◆ What you need to do ◆
Leave out the pictures and set down the rest of the listing below word for word.

___ Task data

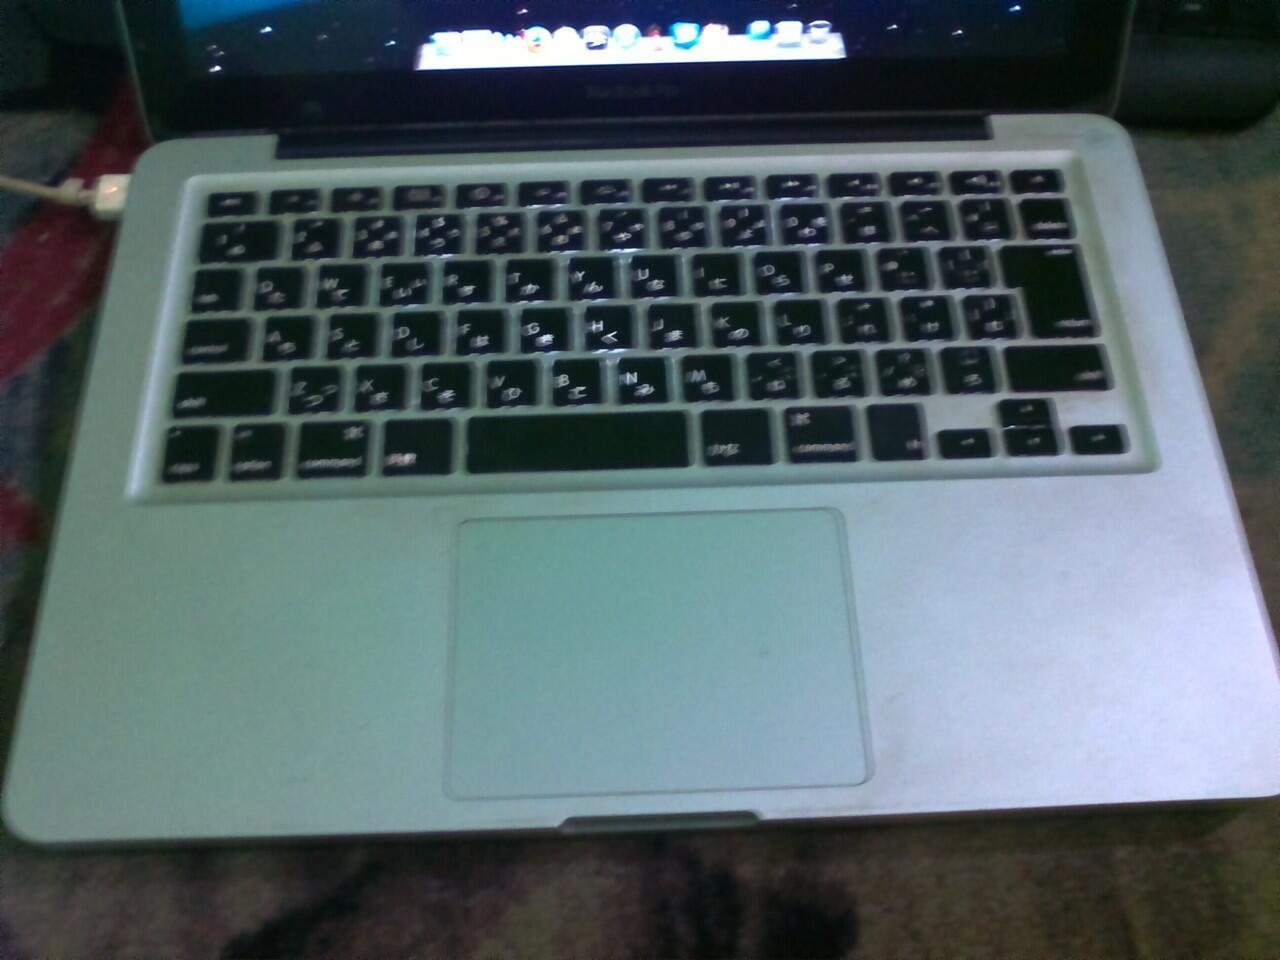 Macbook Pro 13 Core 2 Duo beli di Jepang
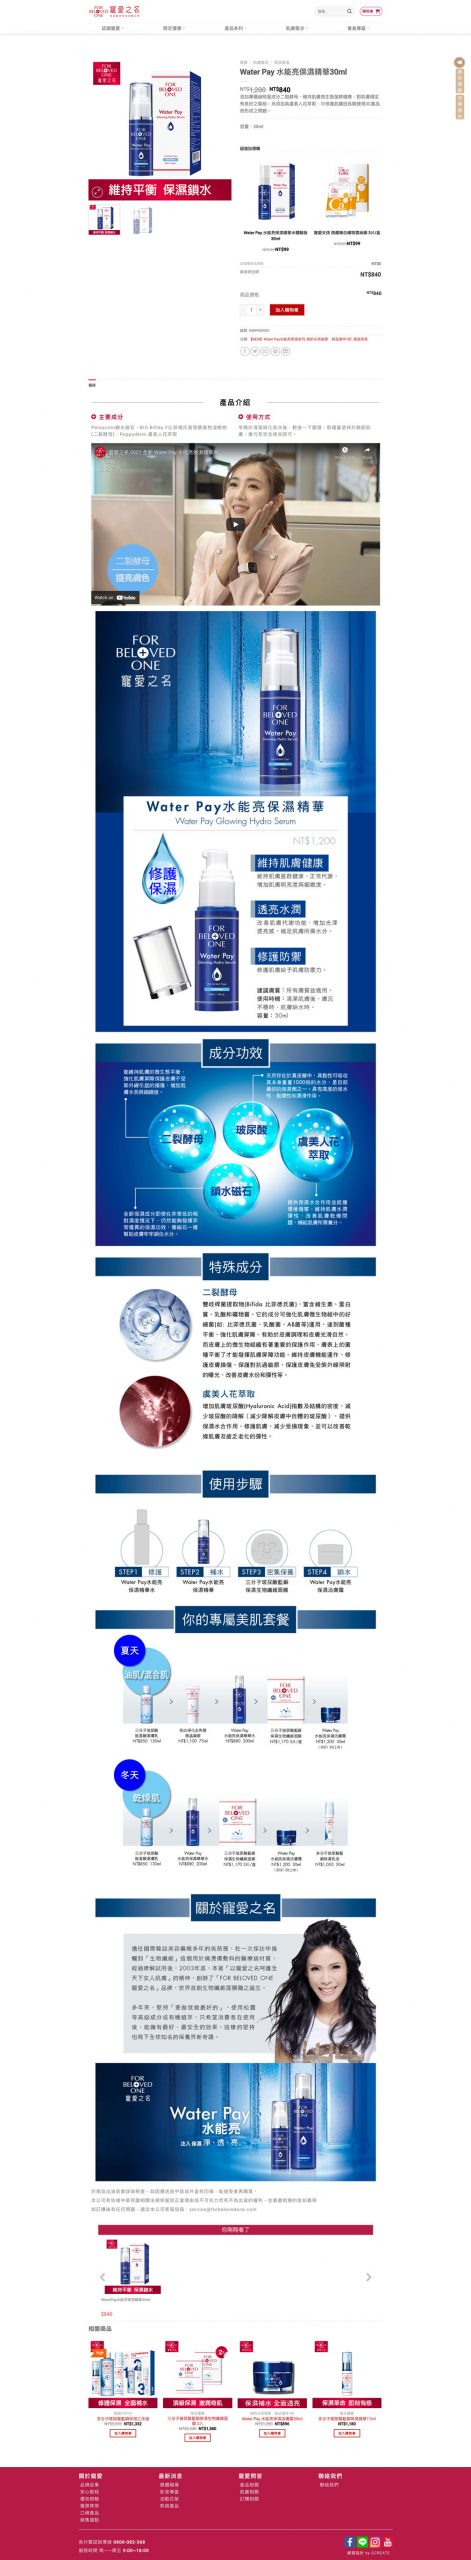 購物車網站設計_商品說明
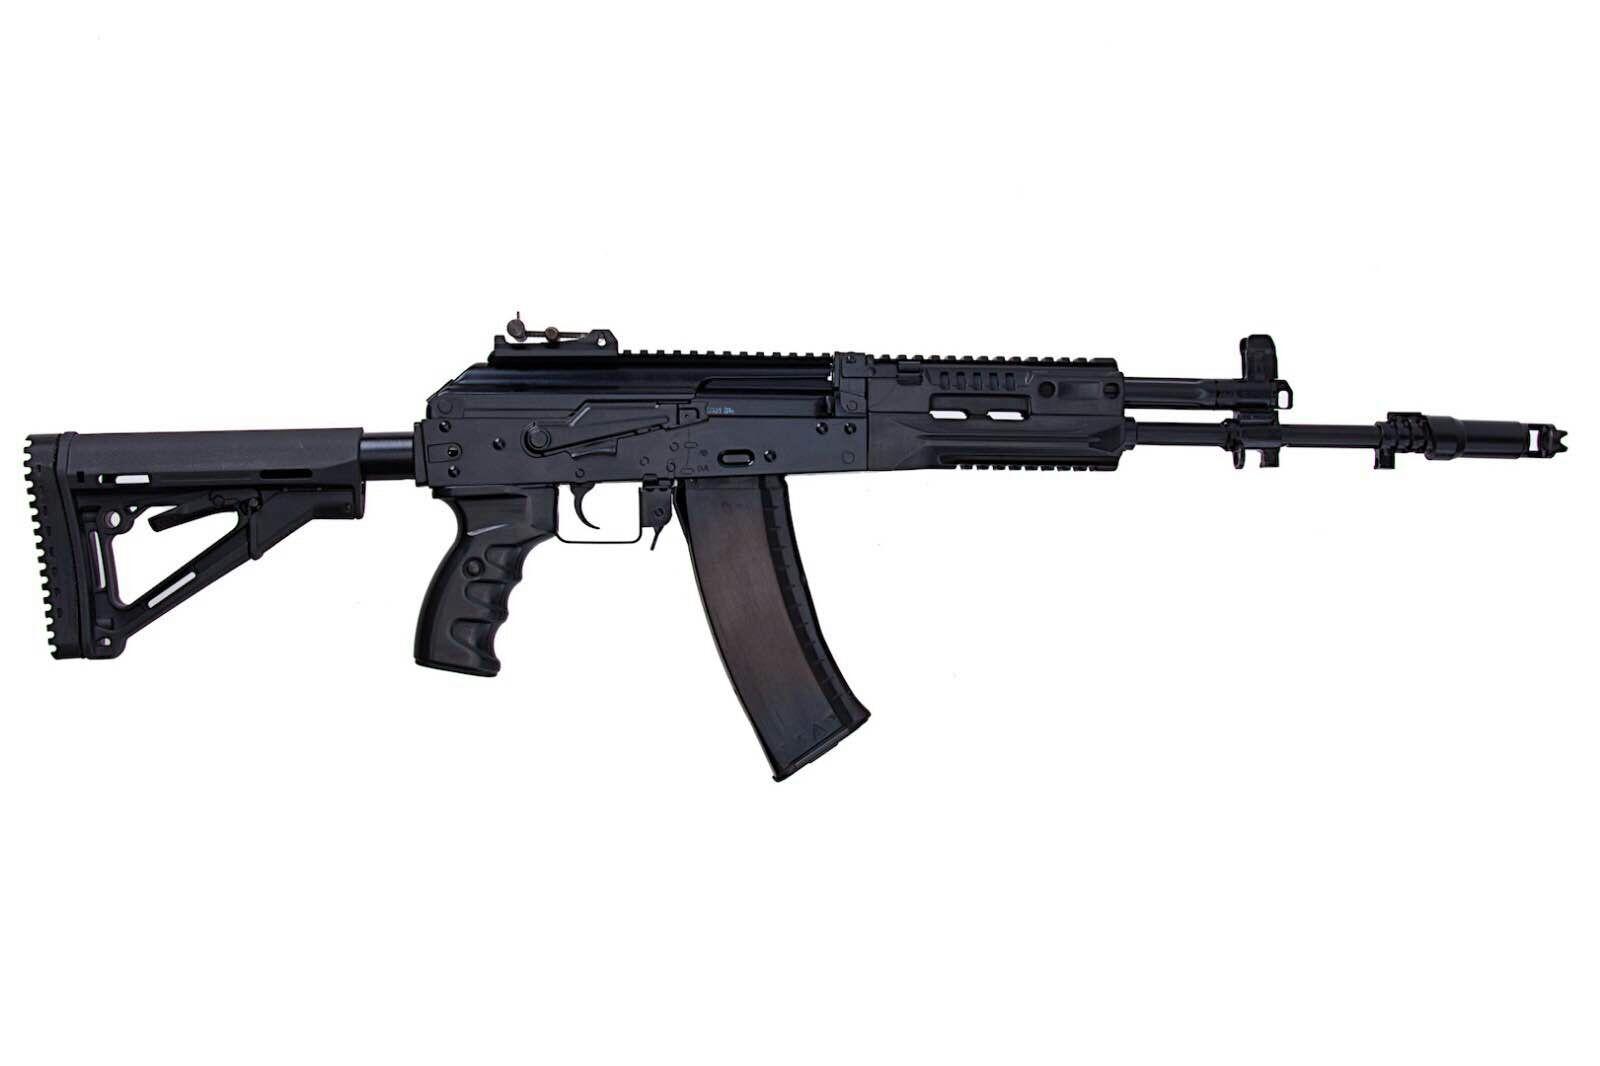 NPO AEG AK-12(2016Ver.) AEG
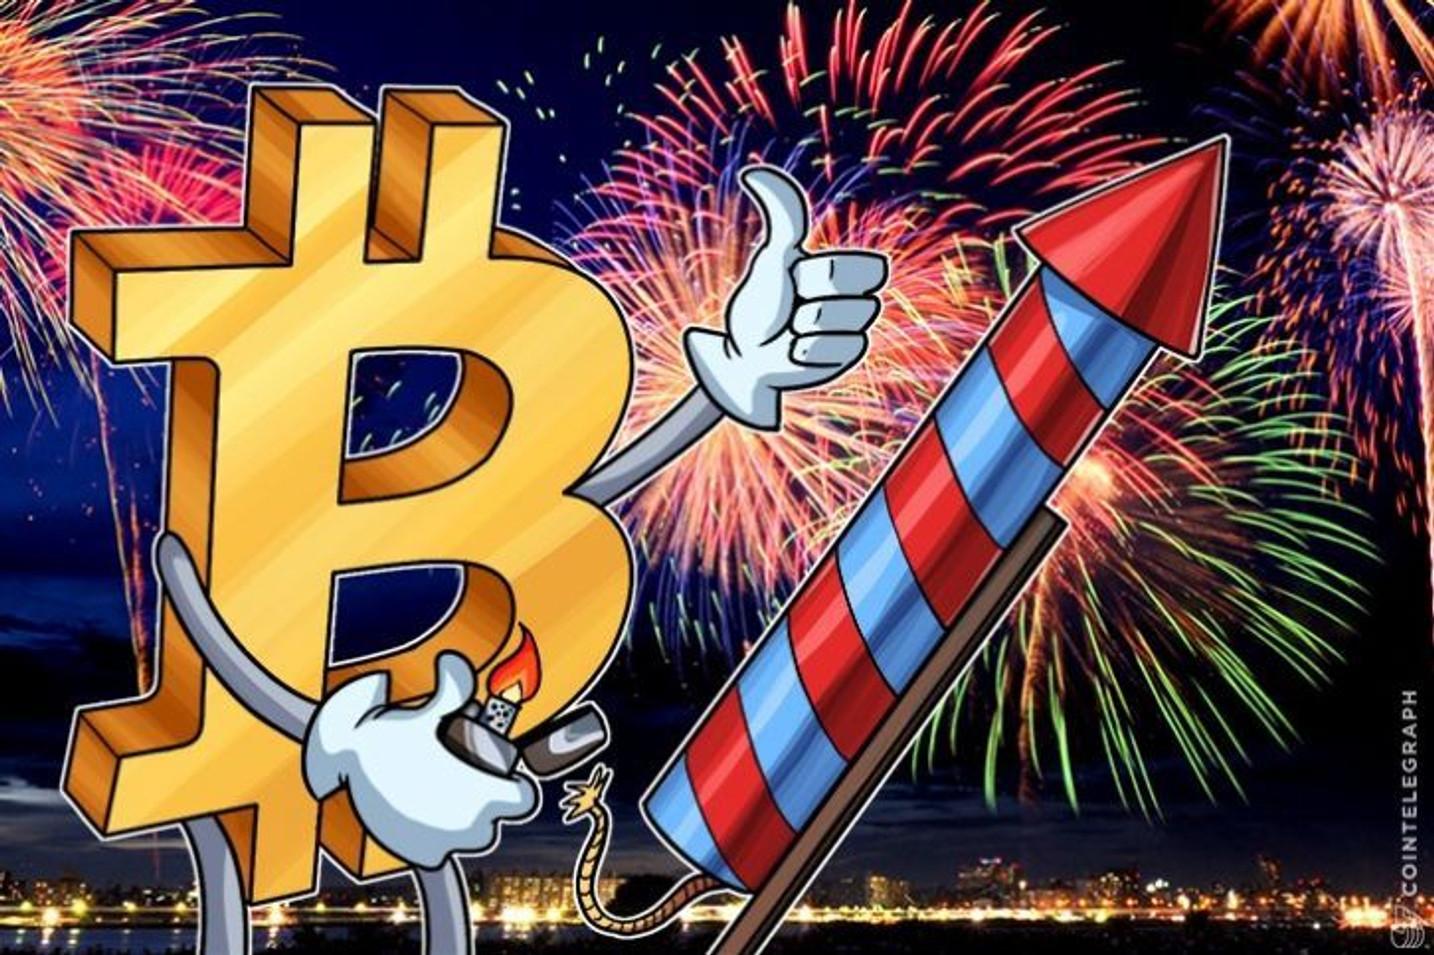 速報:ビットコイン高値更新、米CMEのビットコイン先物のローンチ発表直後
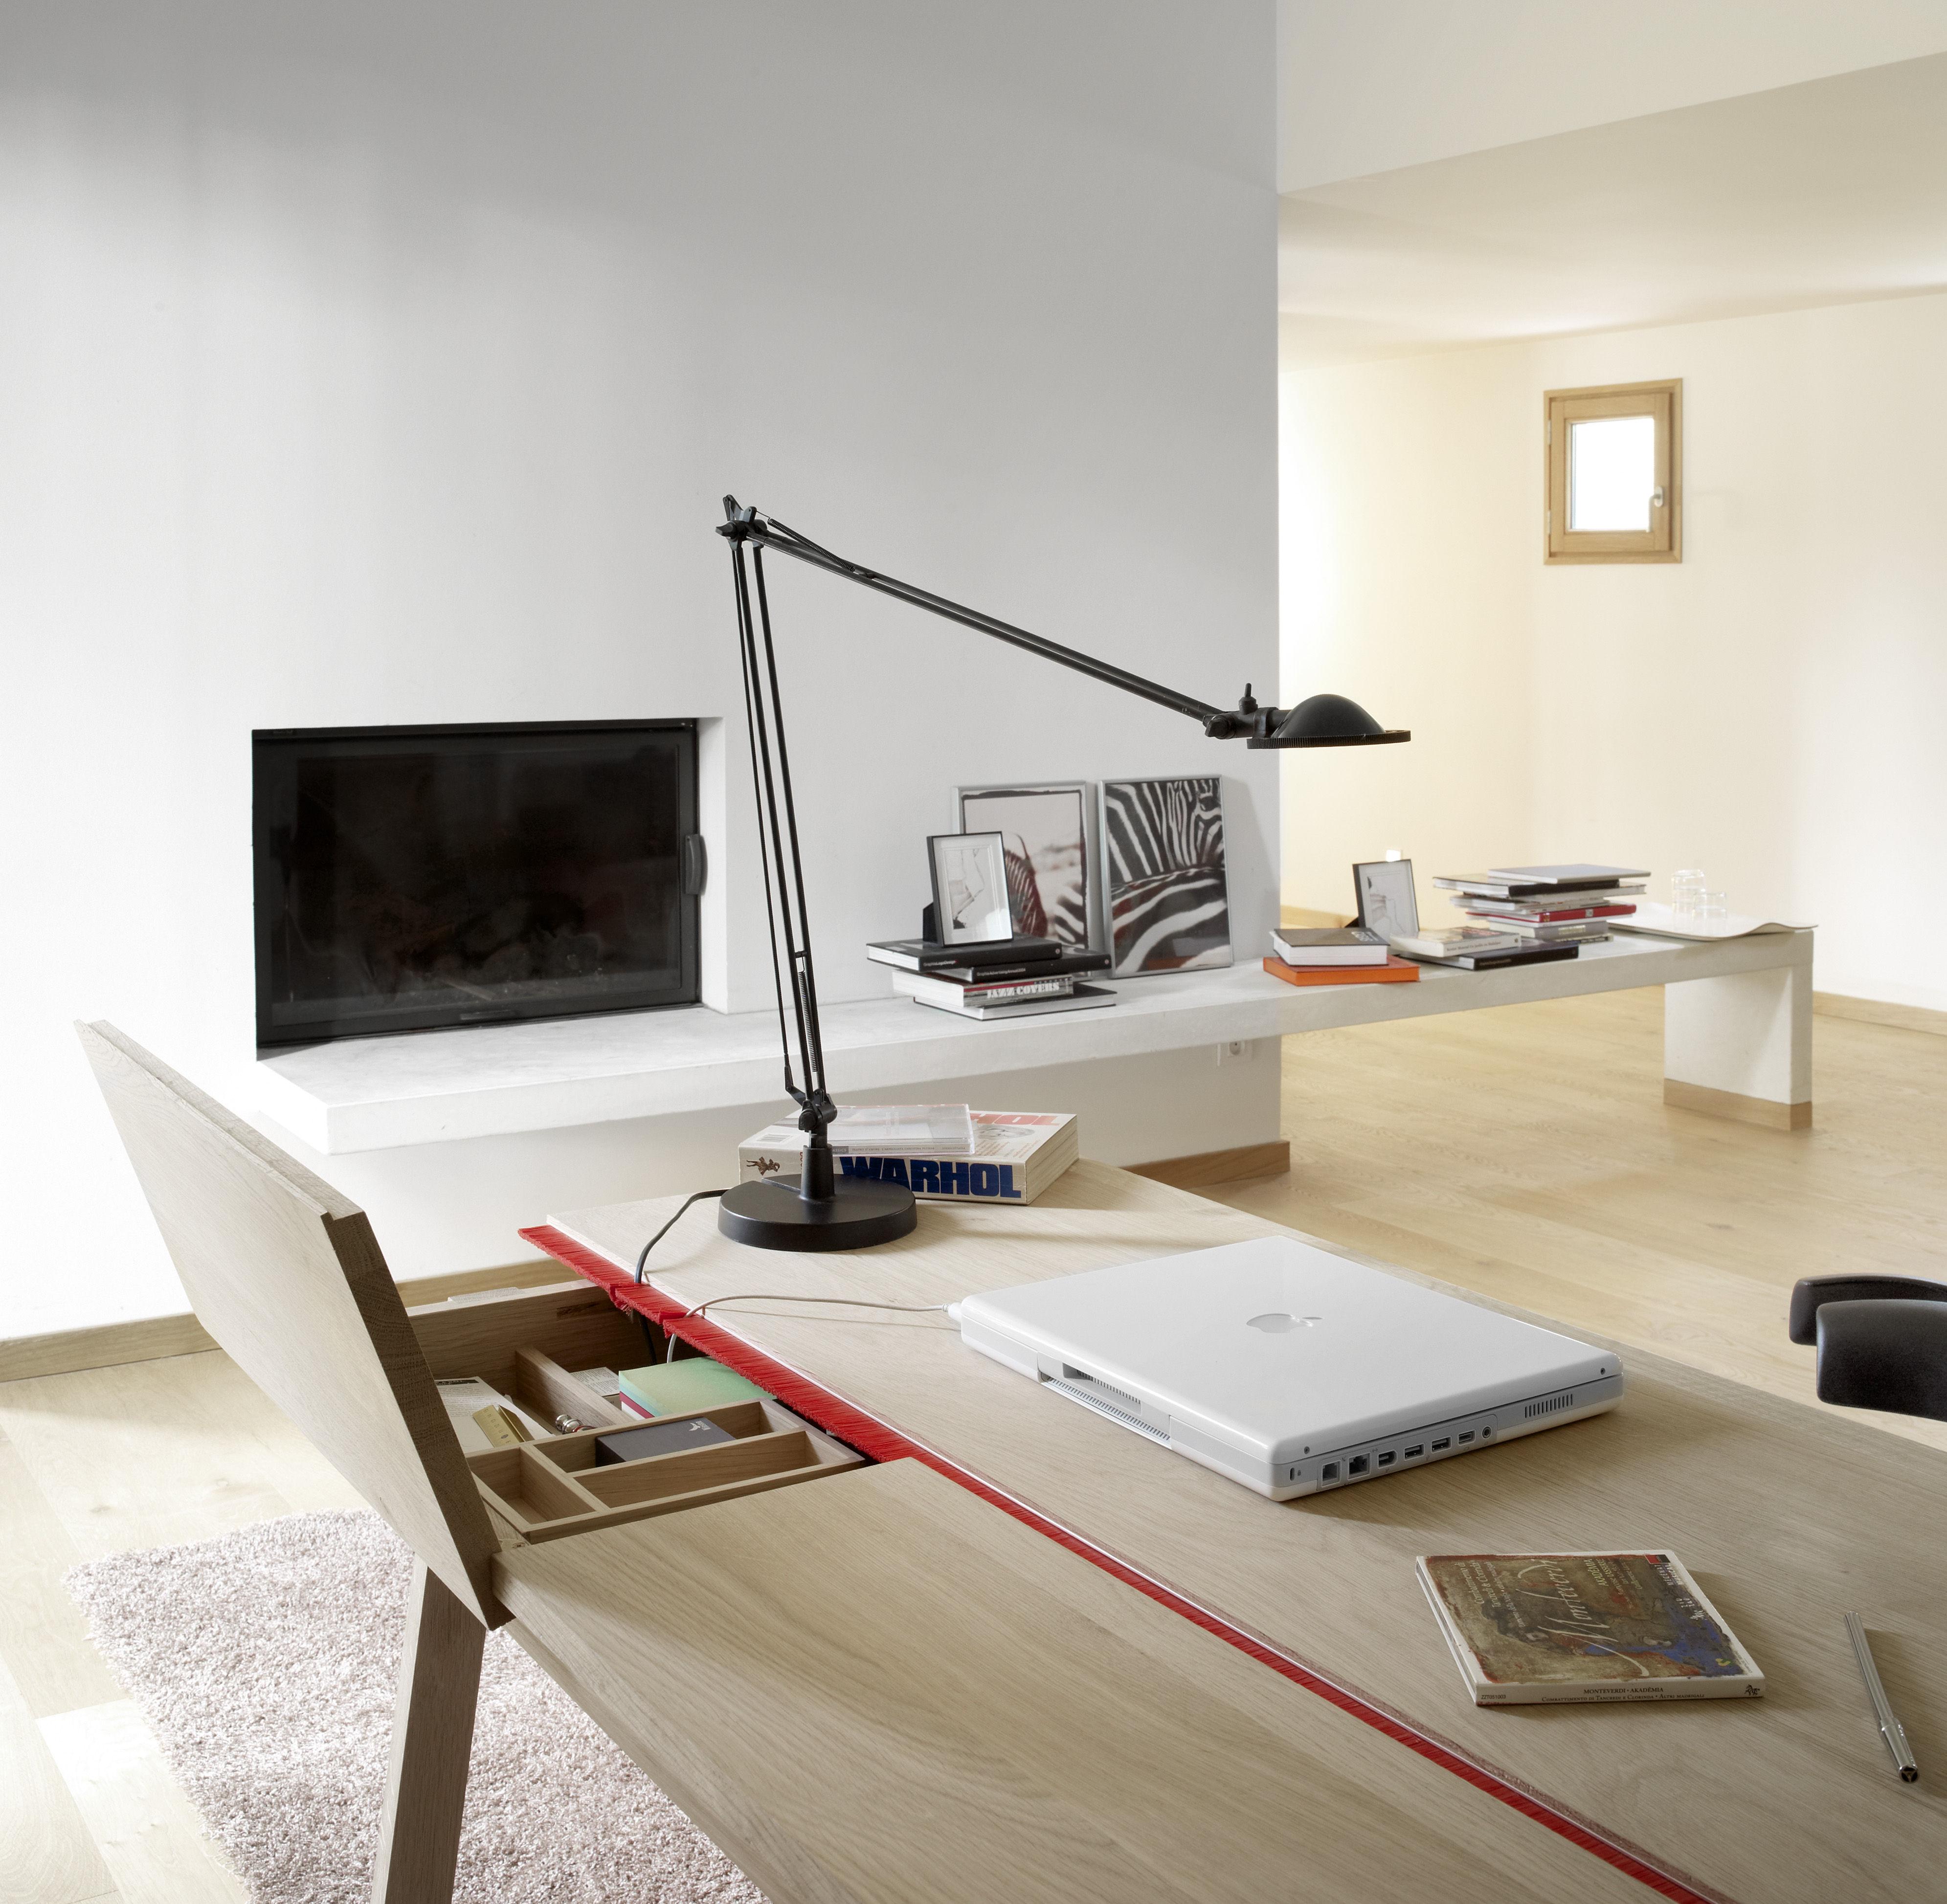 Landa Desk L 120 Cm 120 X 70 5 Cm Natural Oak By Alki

______

◆ Result of this exercise ◆
 Macbook Pro 13 Core 2 Duo beli di Jepang
 購物車網站設計_商品說明
 NPO AEG AK-12(2016Ver.) AEG
 速報:ビットコイン高値更新、米CMEのビットコイン先物のローンチ発表直後
 Landa Desk L 120 Cm 120 X 70 5 Cm Natural Oak By Alki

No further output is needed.